Cross-Document Event Coreference
Annotating mentions of events in news articles and linking them to an event knowledge base
Source: This use-case was kindly contributed by Michael Bugert, Ubiquitous Knowledge Processing (UKP) Lab, Technical University of Darmstadt, Germany
Cross-document event coreference resolution (CDCR) is an NLP task in which mentions of events need to be identified and clustered throughout a collection of documents.
We used the INCEpTION tool to extend the annotations of an existing CDCR corpus in two phases: In Phase 1, annotators reannotated pre-existing sentence-level event mention annotations on the token level. In Phase 2, annotators identified additional mentions of events, and linked these mentions to an external knowledge base of 40.000 sports events.
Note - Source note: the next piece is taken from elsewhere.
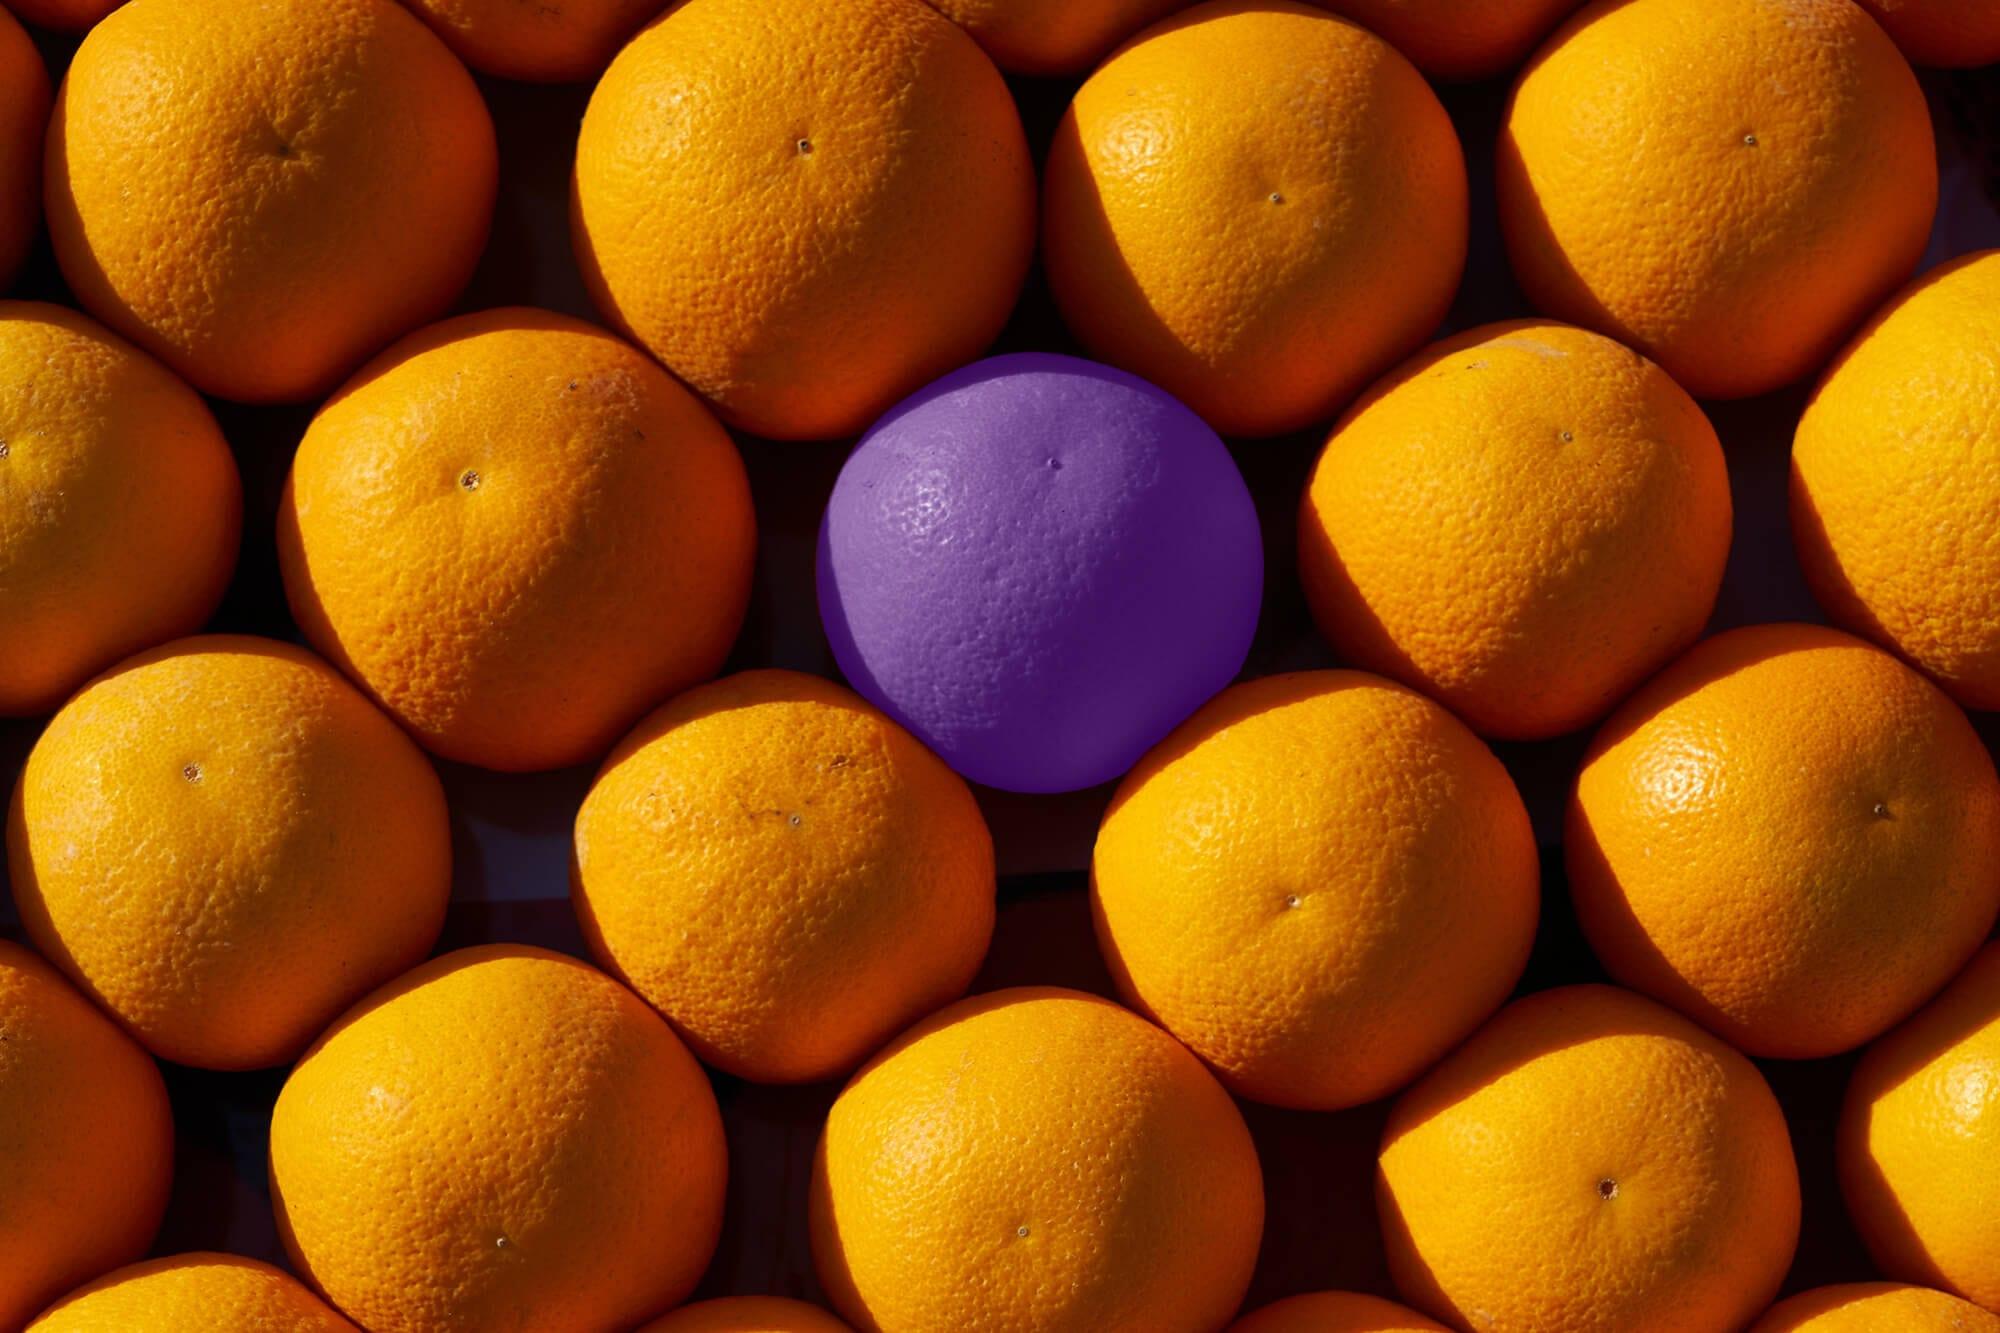 Oranges - one purple

In doing so, we made use of the following features of the INCEpTION platform:
- Annotation of spans and relations between spans involving multiple annotation layers
- Entity/event linking to externally hosted knowledge bases using SPARQL
- Importing and exporting UIMA CAS annotations with dkpro-cassis
- Annotation layers with open tagsets, for giving annotators the option to comment on unclear cases
- Utilities for monitoring annotator progress and computing inter-annotator agreement
References
- Bugert, Michael ; Reimers, Nils ; Gurevych, Iryna: Cross-Document Event Coreference Resolution Beyond Corpus-Tailored Systems. In: CoRR, abs/2011.12249. (2020) [arXiv]